_Instructions to follow_
The following data is to be repeated exactly, its pictures excluded.

_Raw data_
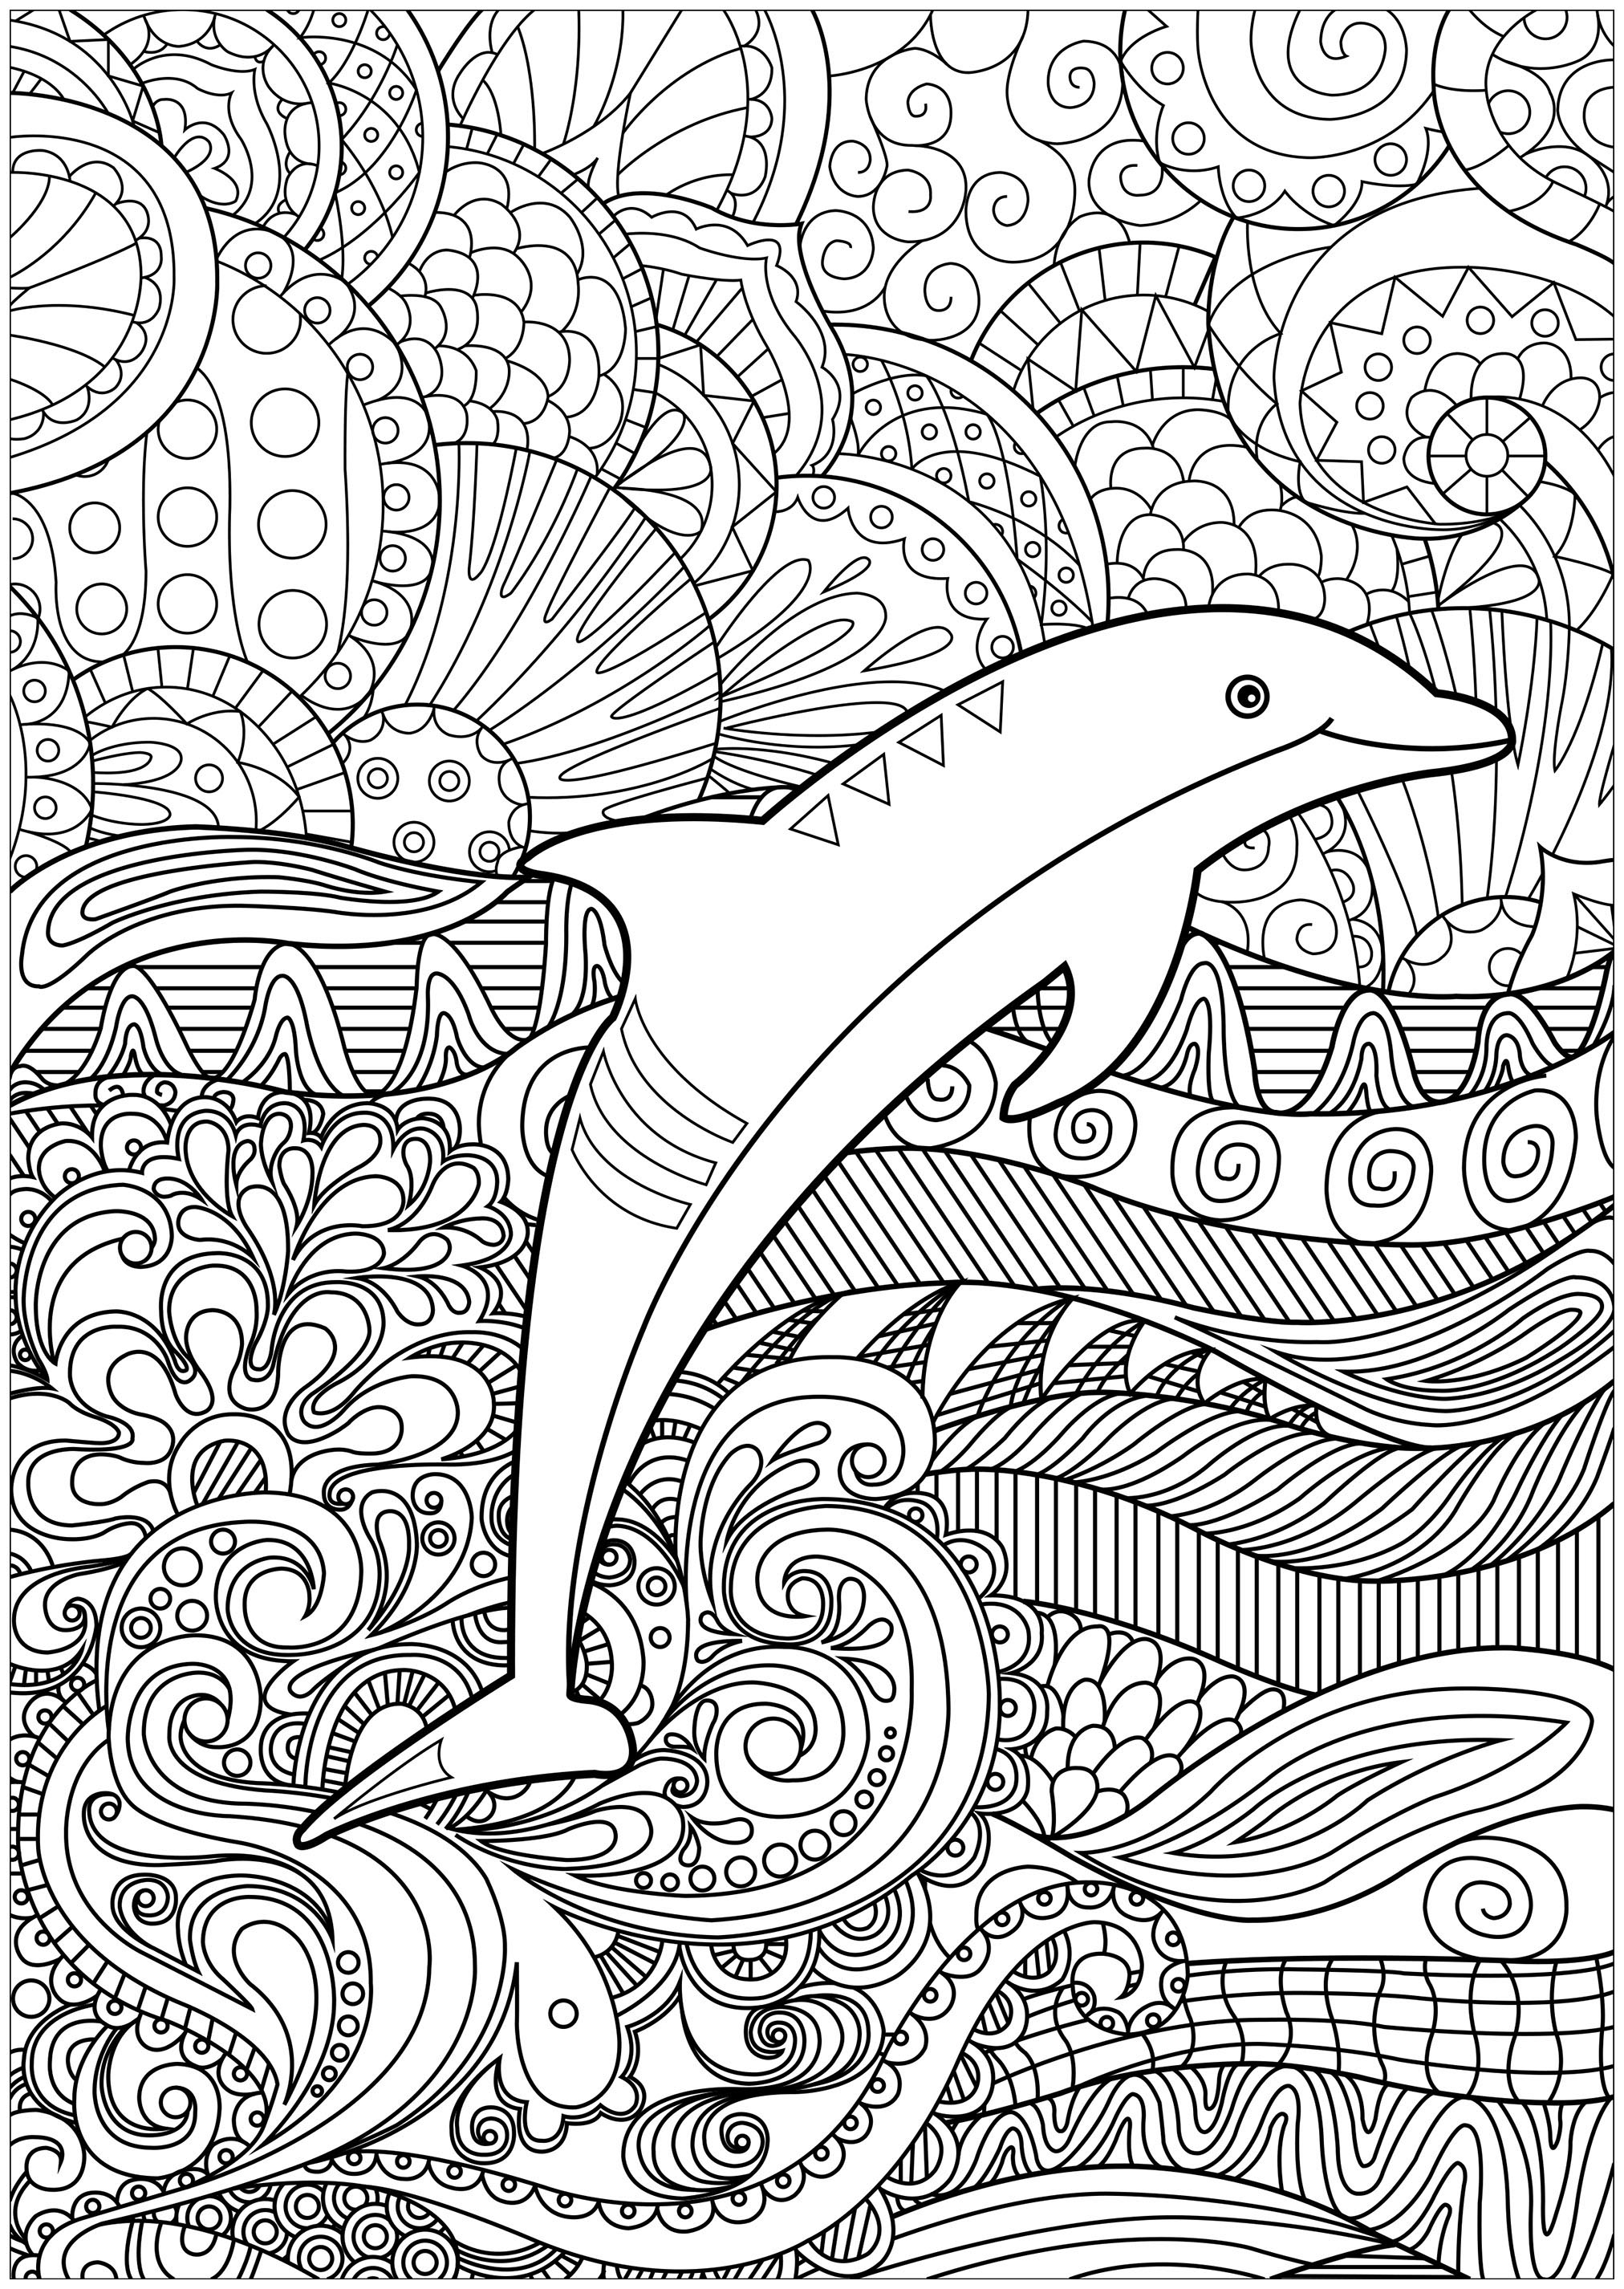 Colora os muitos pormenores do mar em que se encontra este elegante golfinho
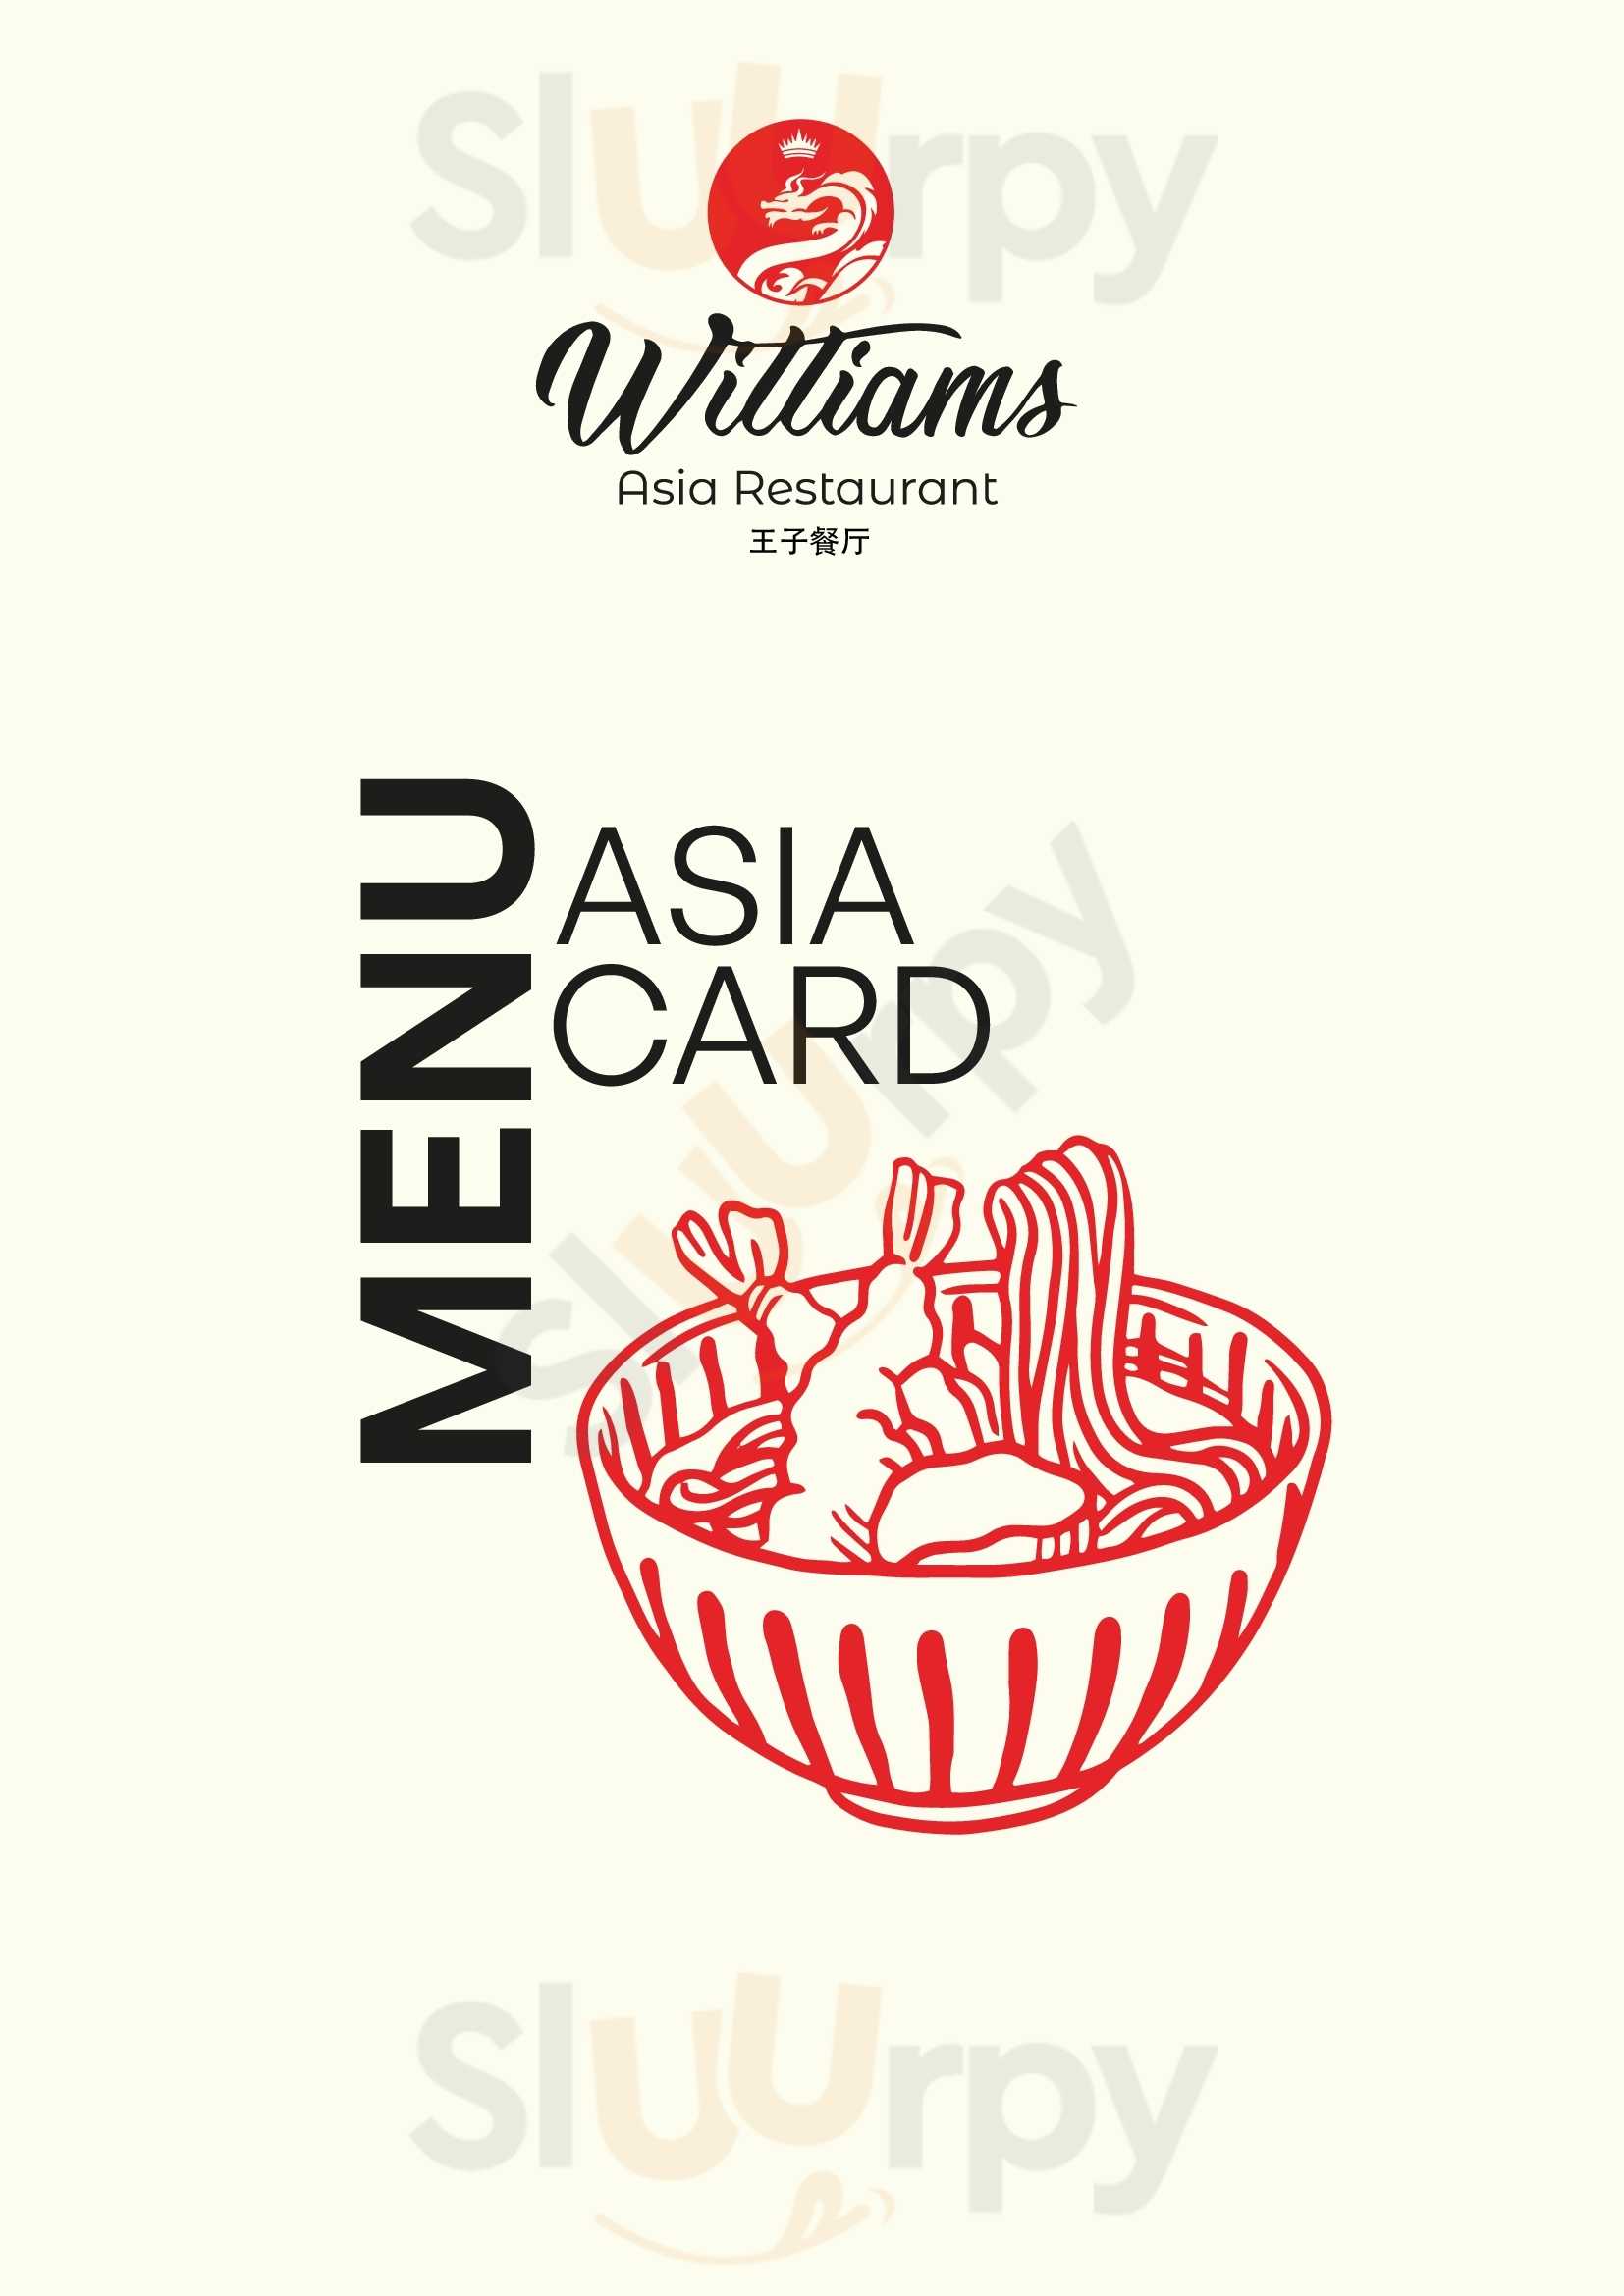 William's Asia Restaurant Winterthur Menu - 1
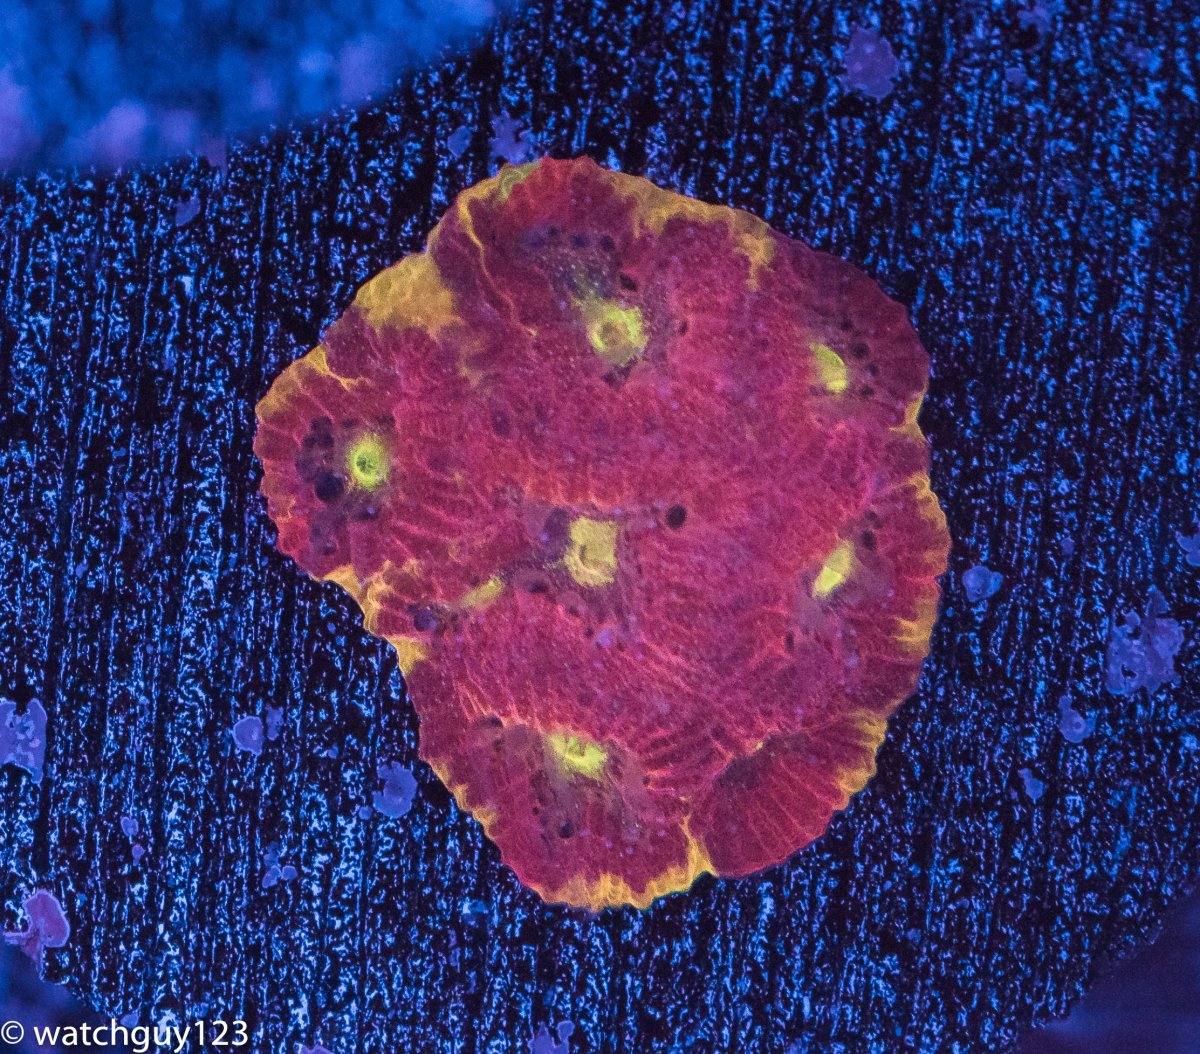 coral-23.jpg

_Written response_
 Colora os muitos pormenores do mar em que se encontra este elegante golfinho
 William's Asia Restaurant Winterthur Menu - 1
 coral-23.jpg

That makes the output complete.